Thursday, December 3, 2009

The Integration Imperative

I had the pleasure of reading Suzanne C. Lowe's book, The Integration Imperative: Erasing Marketing and Business Development Silos - Once and for All - in Professional Service Firms. Before reading it, I was struck by David Maister's endorsement, "An amazing blend of insight and in-depth real world examples. All professional firm marketers and managers should read this book." I figured if David put his name to it, it must be valuable. Needless to say, it really is.

While the title suggests a concept with which most of us would agree, there's a difference between agreeing with it and being able to execute it in your organization. Marketing and business development should serve the organization, not the other way around. And they'll be most effective when their efforts are at a minimum, congruous and at best, synergistic. In many organizations, they are neither. Thus the need for such a book.

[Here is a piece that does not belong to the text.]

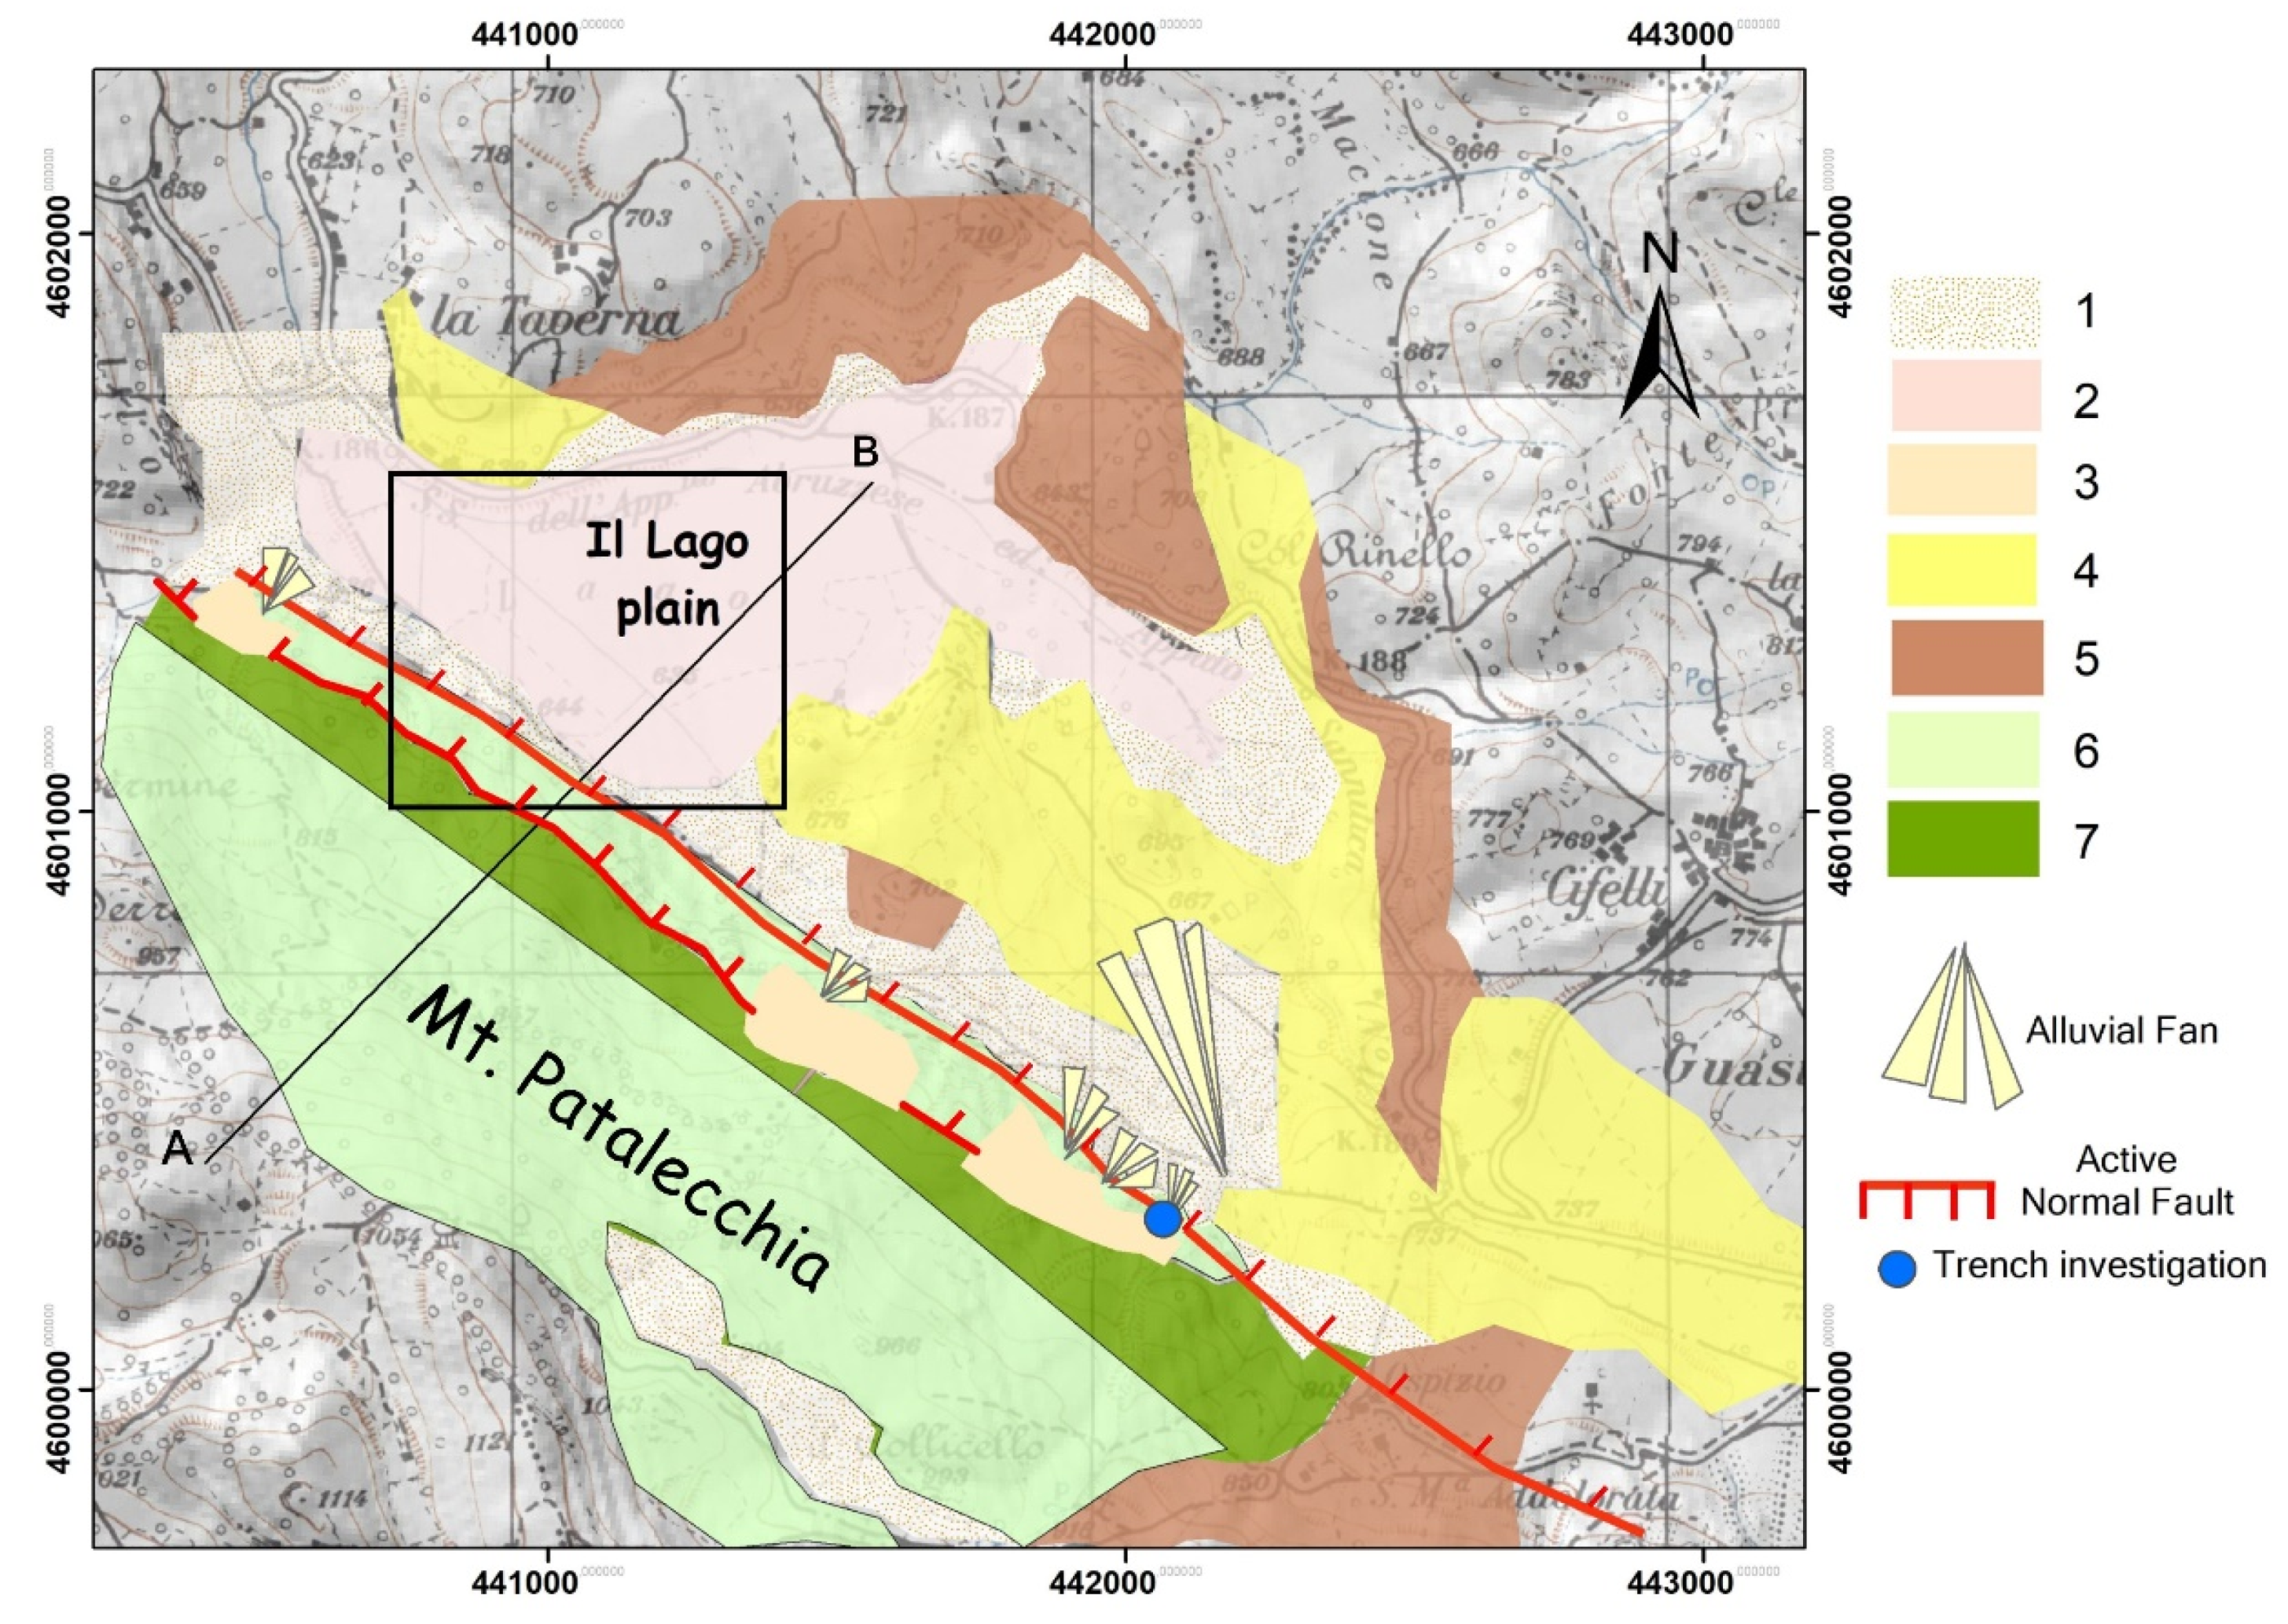 Remote Sensing | Free Full-Text | Joint Interpretation of Geophysical  Results and Geological Observations for Detecting Buried Active Faults: The  Case of the “Il Lago” Plain (Pettoranello del Molise, Italy)

As I mentioned in my last post, Lowe has written more than a book that one reads and puts back on the shelf. It's a valuable resource, grounded in extensive research, worthy of constant reference for the professional services firm seeking to maximize its marketing and business development efforts. (By the way, its utility extends to any type organization). Lowe reminds us of the importance of believing and pursuing a mission and vision for our organization that's larger than ourselves. I can't think of a more valuable resource for the professional services firm - particularly during these tough economic times.

It reminds me of a book called The Customer Comes Second by Hal Rosenbluth and Diane McFerrin Peters in that the concept is so simple, one wonders what the rest of the book could be about. I was amazed at the extent to which Rosenbluth's firm so consistently and completely delivered on its philosophy. As a result, I kept the book on my desk, constantly referring to it for new ideas and insights. The more I looked at it, the more I discovered. From my perspective, The Integration Imperative achieves the same result.

I'd recommend getting a copy and keeping it close at hand. Mine sits right next to Hal's book.